A question for those who know more than I do about these things:
If we had no living examples of platypuses or echidnas, if ALL we had were the skeletons - would they be classified as mammals or a near-but-not-quite relative? Because, really, mammary glands don’t fossilize, do they… and the fact monotremes secrete milk (I assume) is a significant factor in including them in “mammals”.
The bones of the inner ear and the jaw (joint) can be used to distinguish mammals from non-mammals.
True.
However, I have a vague recollection that those characteristics in monotremes are actually closer to reptile than mammal. But I might be mis-remembering, I do that sometimes, which is why I asked about skeletal remains.
As the Wikipedia article I linked discusses, the skeletons of monotremes are closer in some ways to reptilian skeletons. They have jaws that are non-mammalian, they have side-set legs, like reptiles, and they have ears at the base of the jaw. Their inner ear bones are mammal-like, but there is an assertion that has been made that this is a parallel development. This assertion is disputed.
Your article just said they are different from other mammals, not that they are non-mammalian.

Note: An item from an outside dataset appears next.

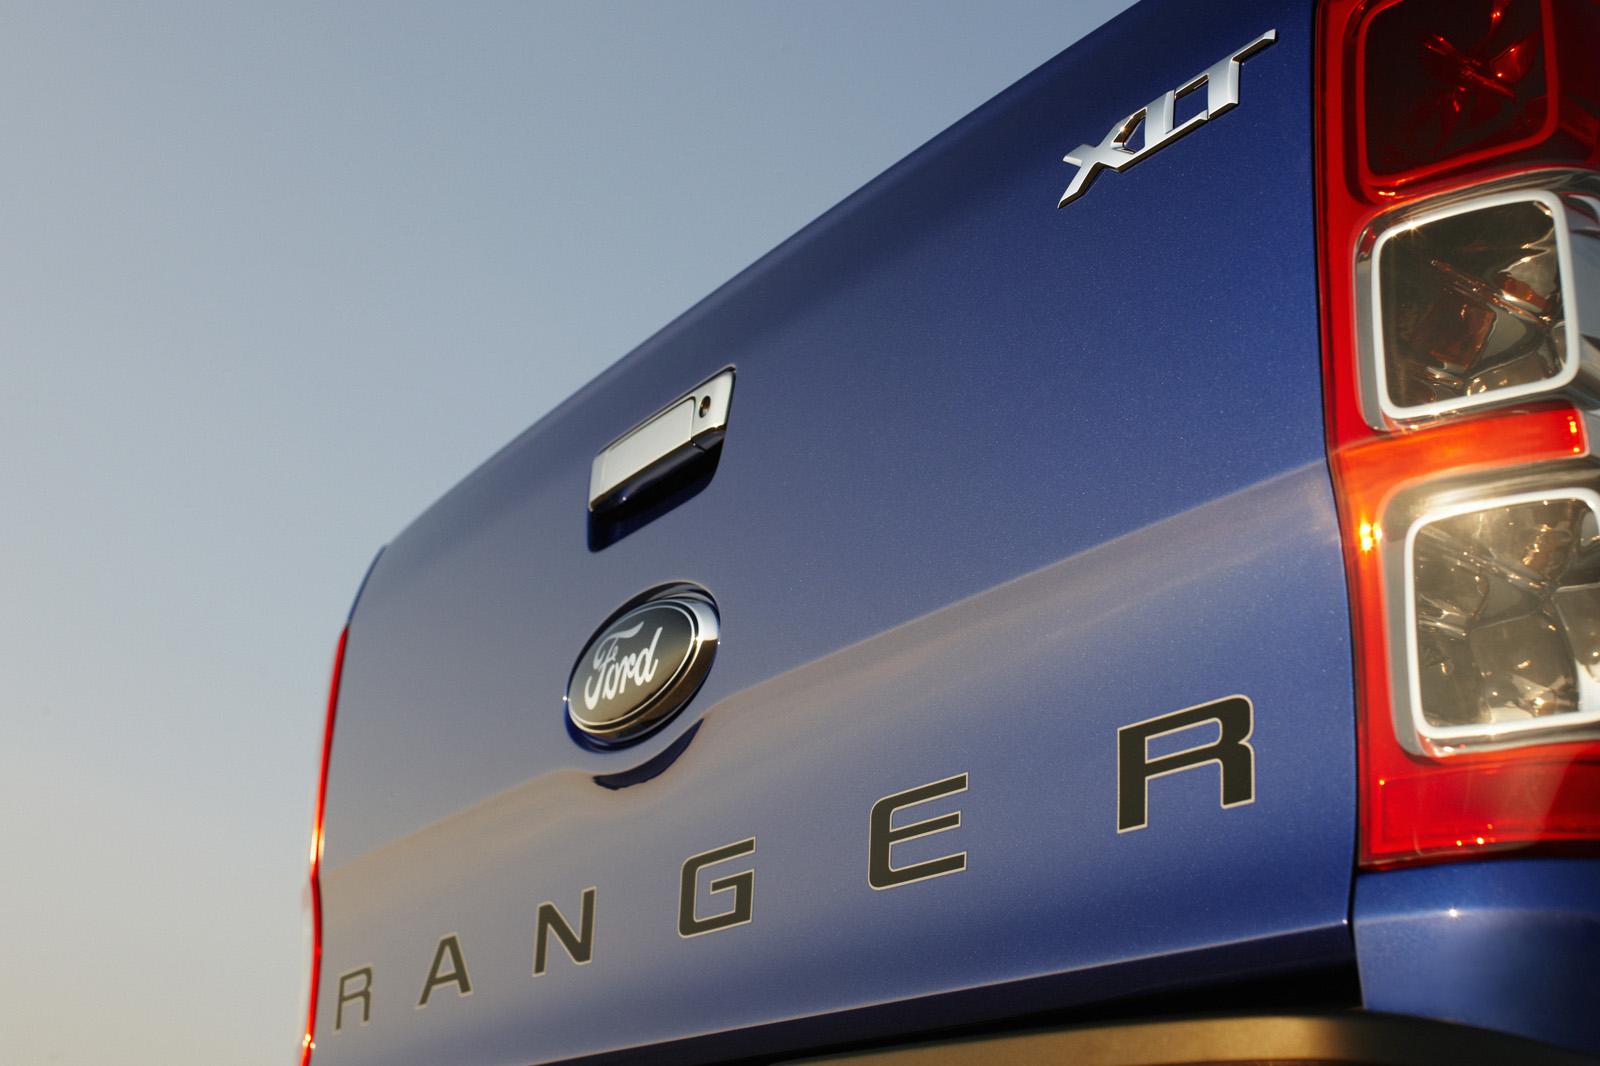 http://1.bp.blogspot.com/_J3_liDBfbvs/TLsEt9AY6DI/AAAAAAAAzBc/FfgIGs9SinA/s1600/2011+Ford+Ranger+Emblem+Photo.jpg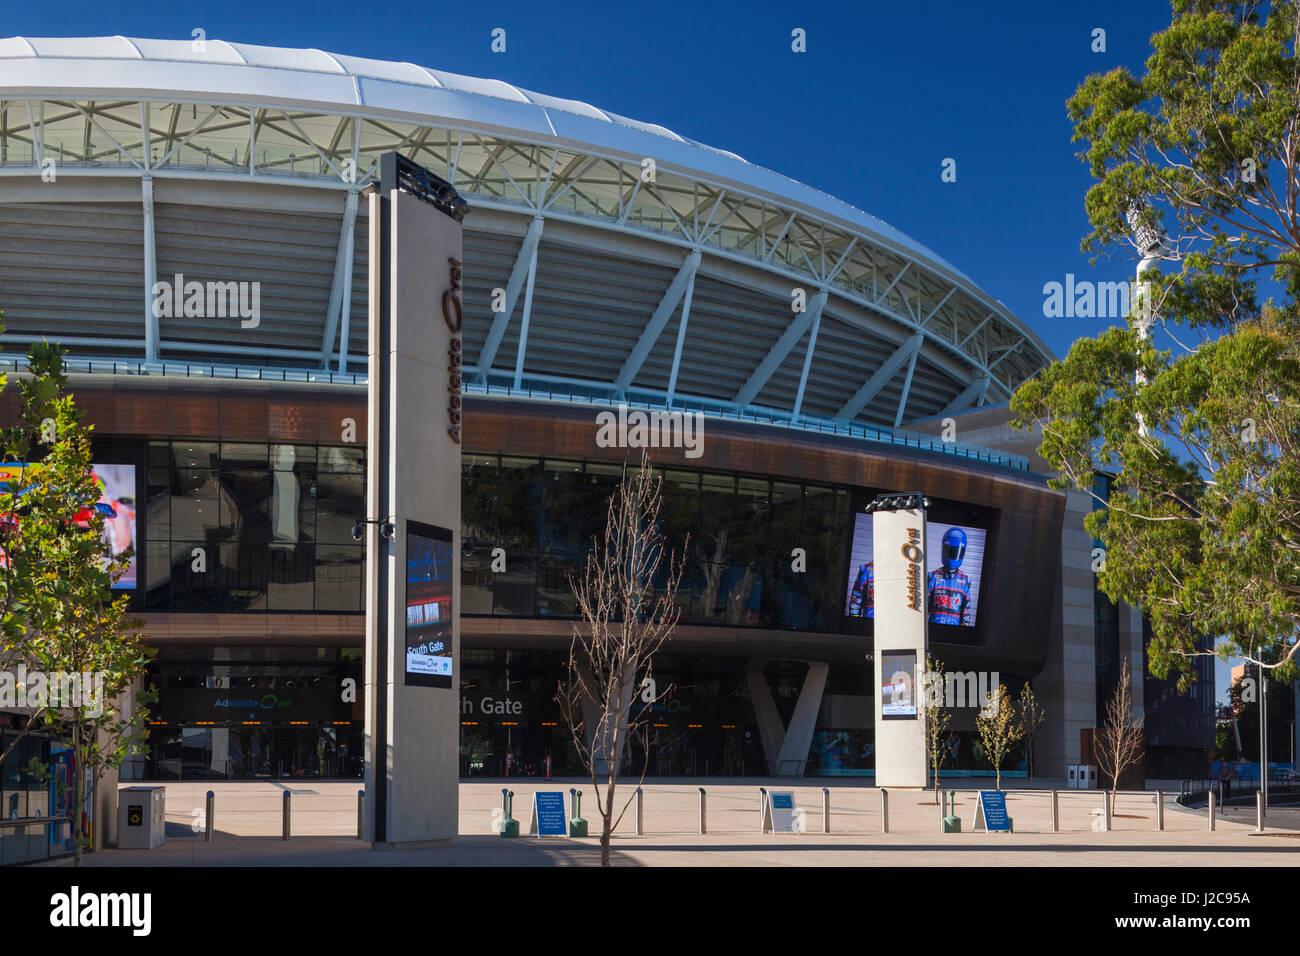 Australia, Adelaide, Adelaide Oval, sports arena - Stock Image

Seeing as the jawbone and inner ear arrangement of mammals is strictly limited to mammals, any other configuration is, arguably, non-mammalian,.
The ability to read and write is strictly limited to mammals as well, but lacking that ability is not in itself non-mammalian.
But monotremes are mammals. By saying “non-mammalian”, that implies “reptilian” in the context of answering the question. So even if monotremes have a feature that is atypical for mammals, that doesn’t make that feature reptilian. Does that make sense?
Yes. That is why I included the qualifier “arguably”. Go back and read the post, it’s really there.
Of course mammals can share characteristics with non-mammals. Having four legs is not restricted to mammals, it’s not a mammalian trait, it’s a trait of a LOT of critters.
However, it is my understanding that one of the reasons monotremes are classed with mammals is that they nurse their young, which we know ONLY because we have living specimens to study. For darn sure no one from Europe or Asia or Africa who first looked at a platypus and said “Damn - that’s OBVIOUSLY a mammal”. They didn’t. Accounts of the time made it very clear that it was a very confusing animal and in fact for a time the existing dead specimens returned to Europe were held to be fakes because the animal was just so weird.
Hence, my question - are their sufficient skeletal differences between monotremes and other mammal types that if all we had were skeletons they might be classed as something other than mammals, albeit closely related? It’s preceisely because of factoids like their jaws being non-standard-mammal that I ask that question. I’m not disputing their current classification, I’m asking that based on skeletons alone would they be definitively in or out of the group “mammals” or just a confusing mystery?